In other words, Hong Kong has barely left its youth on a city age scale. It was an infant prodigy at the turn of the twentieth century. The city is still not 170 years old, having grown from a small isolated military-cum-trading post on the north side of an inhospitable island just 2 km off the coast of China where evidence suggests more than six millennia of settlement. It is a central place in a vast Asian region that consists of both mainland and islands, and has been dominated by Chinese culture for many centuries. While it is recognized that the area of Hong Kong SAR has a long pre-colonial history, this will feature only occasionally here as our focus is on urban growth and form.
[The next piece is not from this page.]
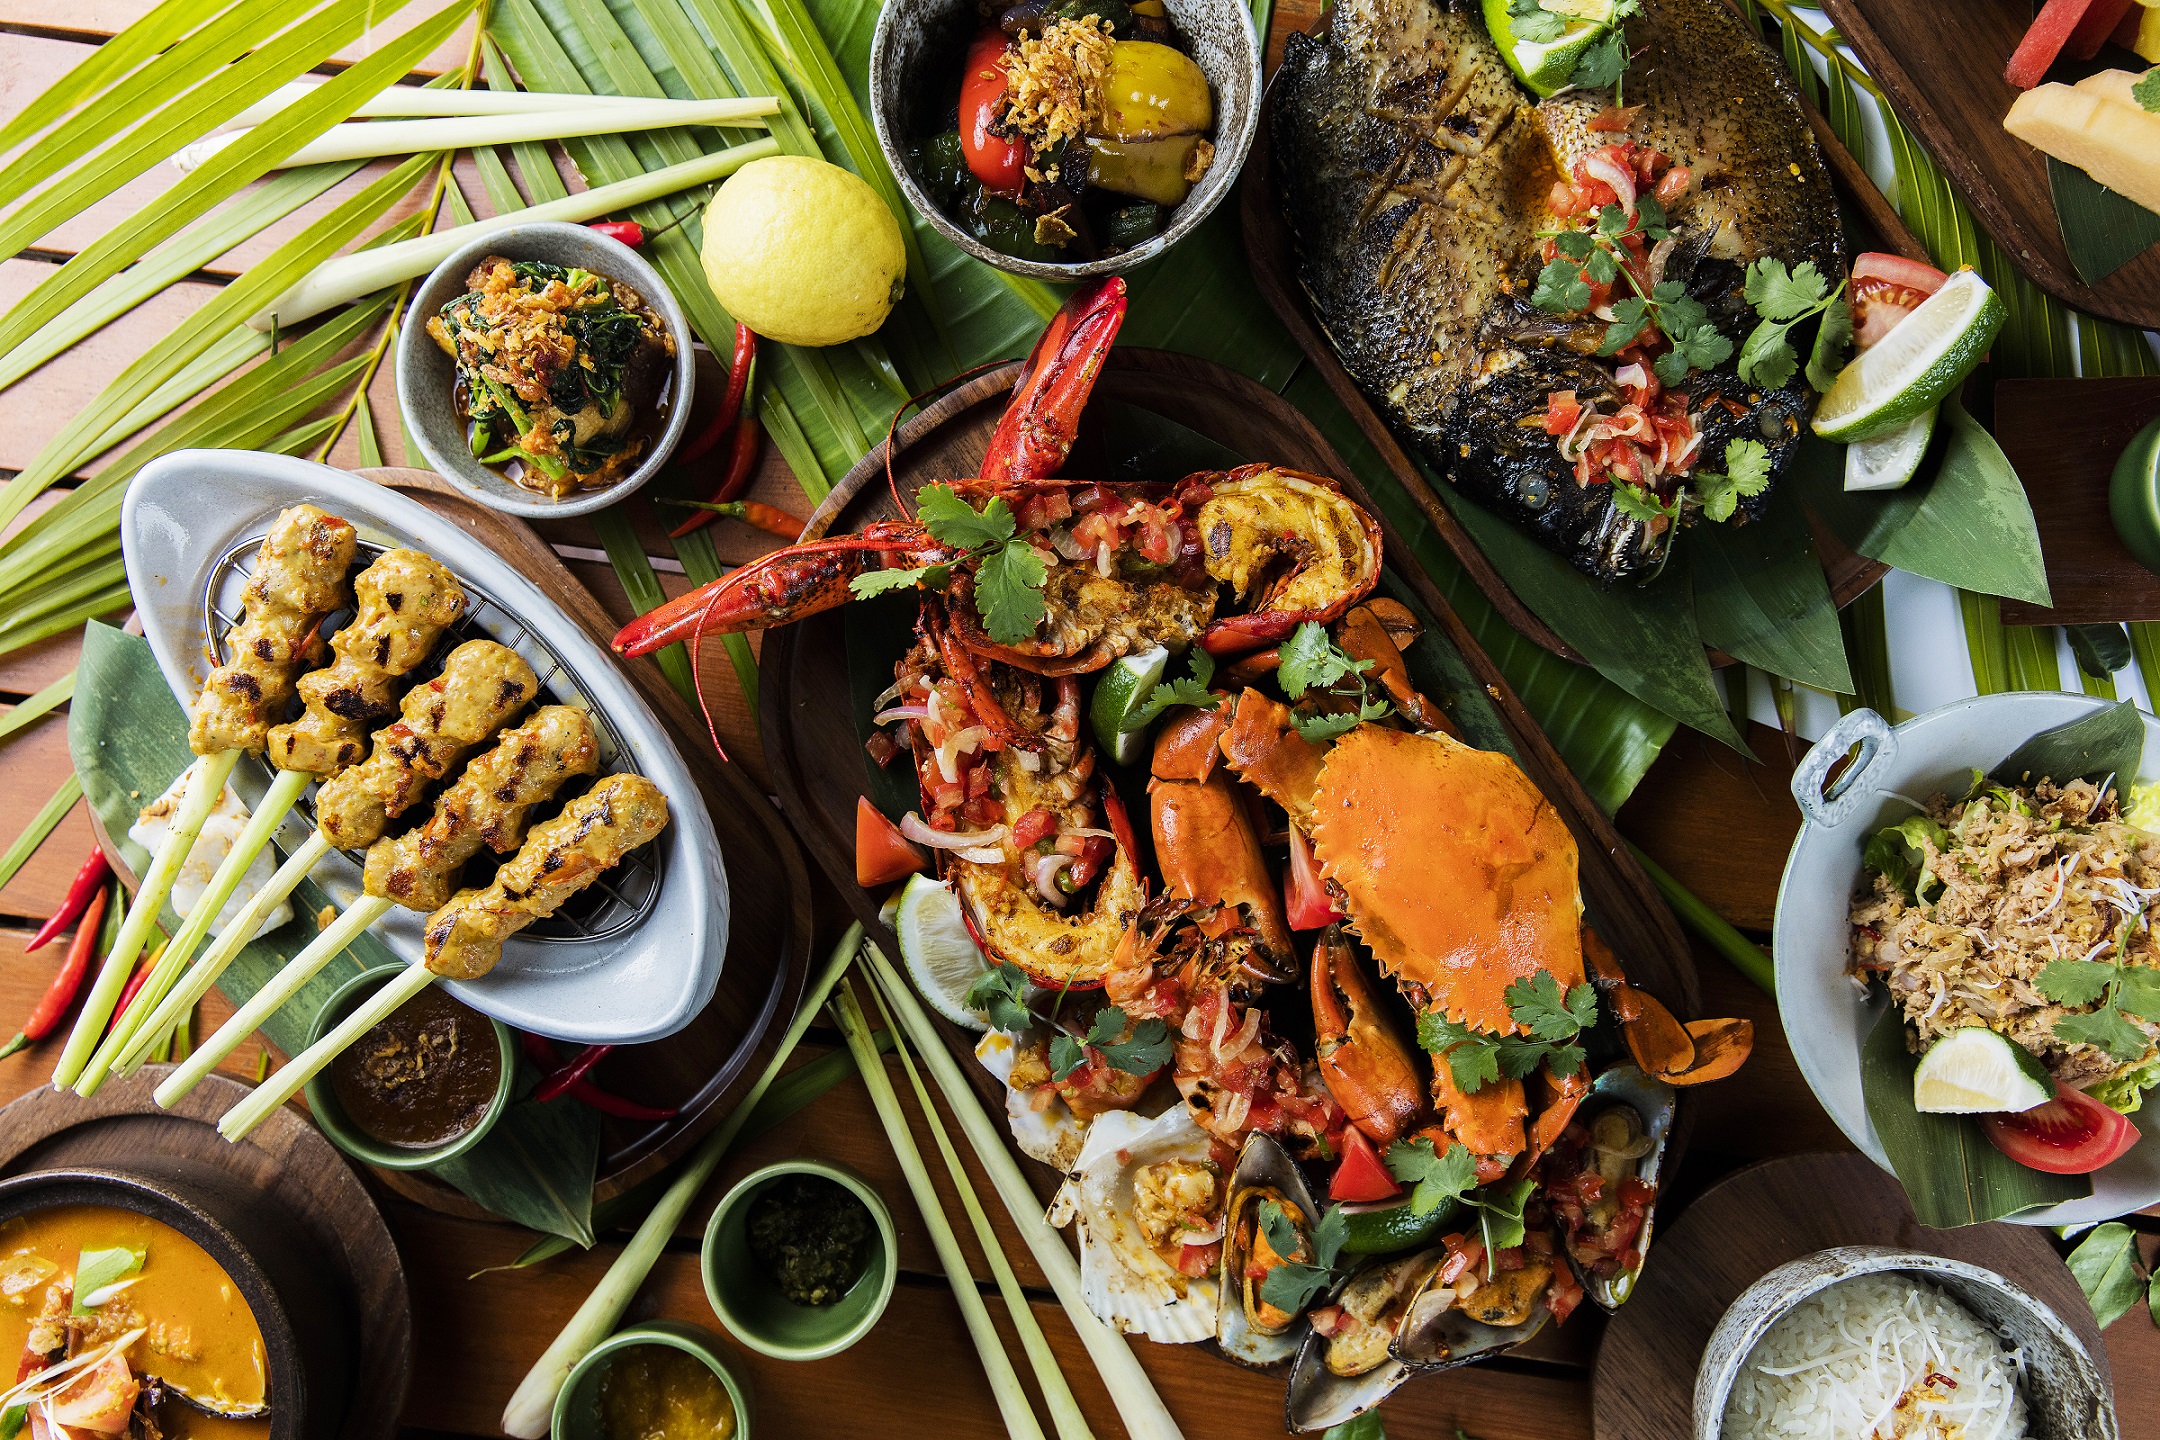 成都富力丽思卡尔顿酒店开启巴厘岛美食水疗体验-中国网地产
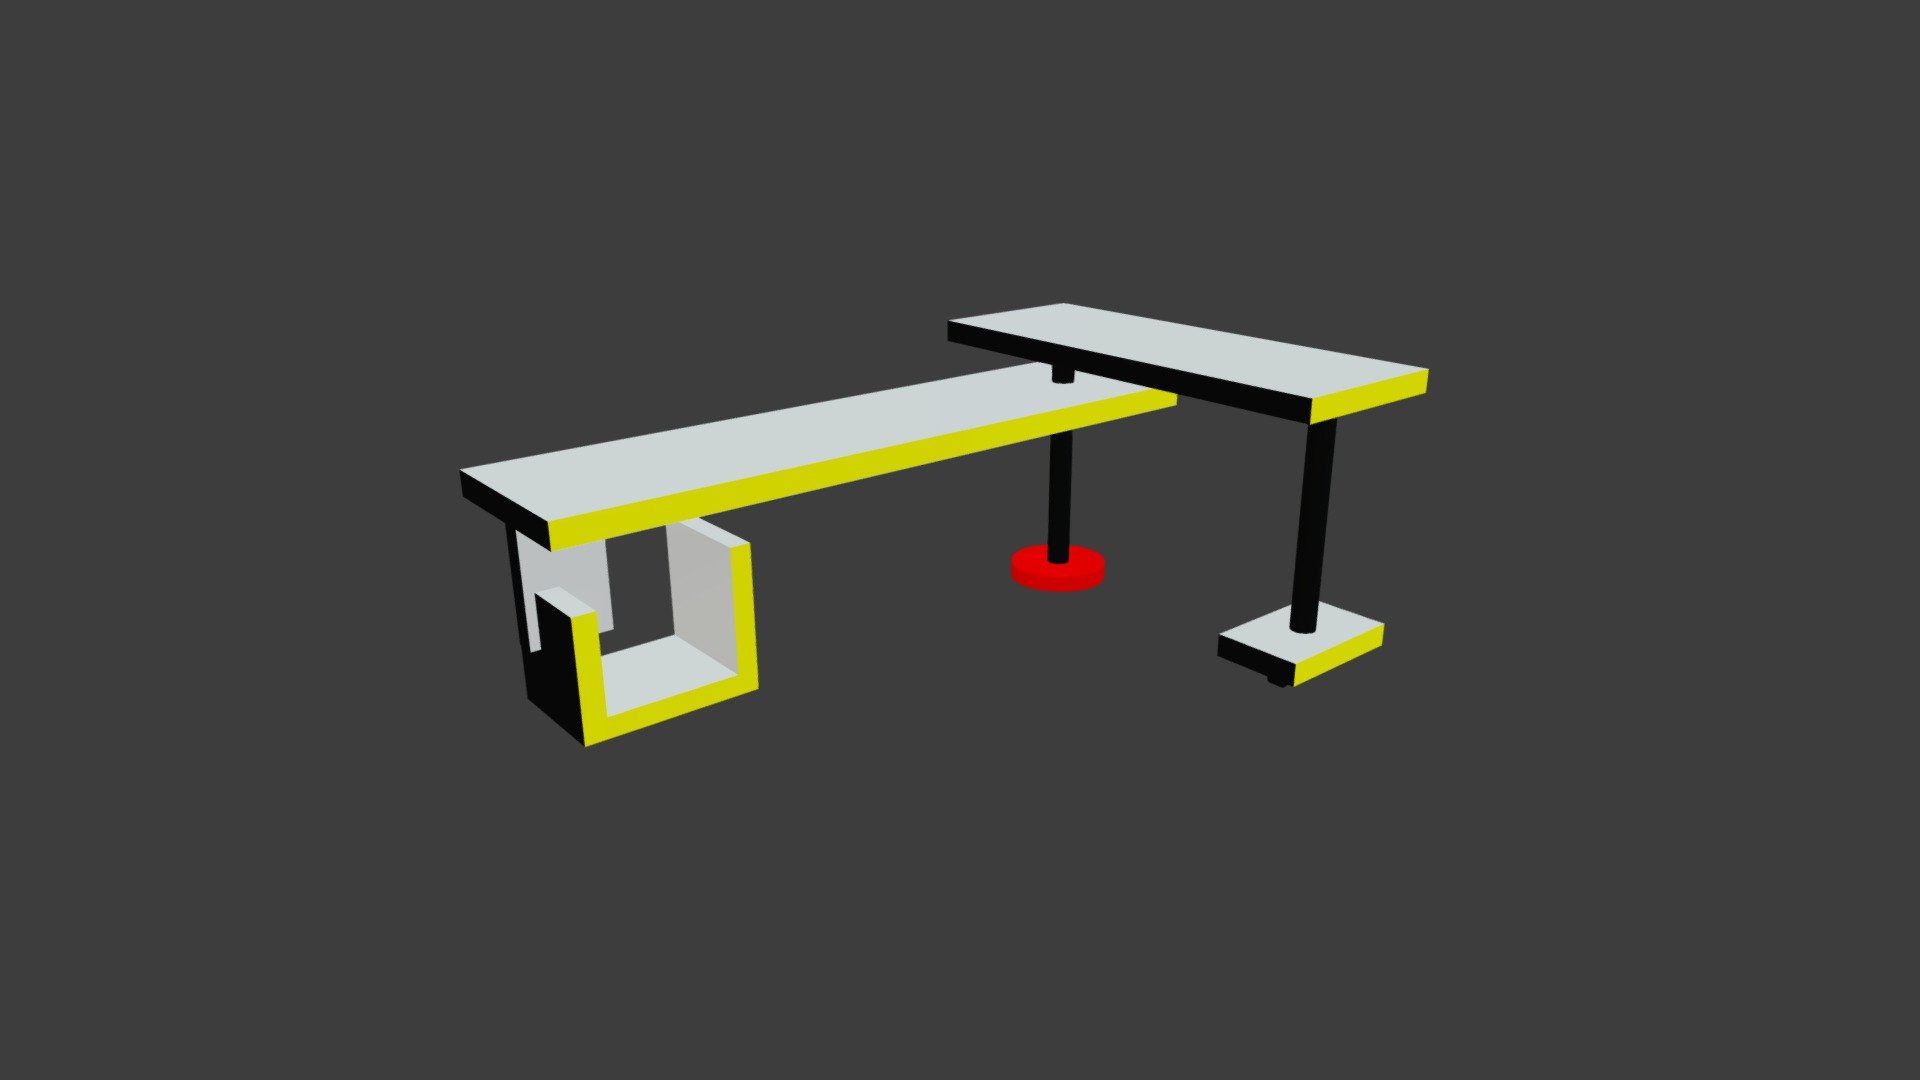 Bauhaus Table

Under most of the period of British colonial rule, it grew massively in population but modestly in area. Only once during those 156 years did it lose significant population, and that was during World War II under Japanese occupation. Immigrants have been mainly Chinese, and the place’s rapid growth was in part due to its ‘pull’ as a centre of trade. But it also had much to do with the ‘push’ from various political upheavals in the region that saw hundreds of thousands of refugees from China and elsewhere pour into the Colony, at times in flood-like proportions. The first major civil unrest in China that propelled people to Hong Kong was soon after foundation: that was associated with the 1850-1861 Tai Ping Rebellion. Within less than twenty years, there were over 100,000 people in Hong Kong, and over a quarter of a million before the end of the nineteenth century. This growth compares with or outstrips that experienced by several cities of Victorian Britain during their most frantic years of industrialization. Thus, the city was quick to become sufficiently populous to ensure a measure of self-sustaining growth. But this growth was relatively minor compared to that experienced from the middle of the twentieth century: few places in the whole history of cities can match Hong Kong’s expansion during the years following Japanese occupation and in the years surrounding China’s communist revolution: from 1945 to 1951, the population grew by 210 per cent, from 0.65 million to 2.02 million, after which the city continued to grow by between one-half and one million people per five year period until the mid-1960s (Lo, 1992). Only in the early years of the twentyfirst century do we see this scale of growth matched in the massive rural to urban migration now underway in China.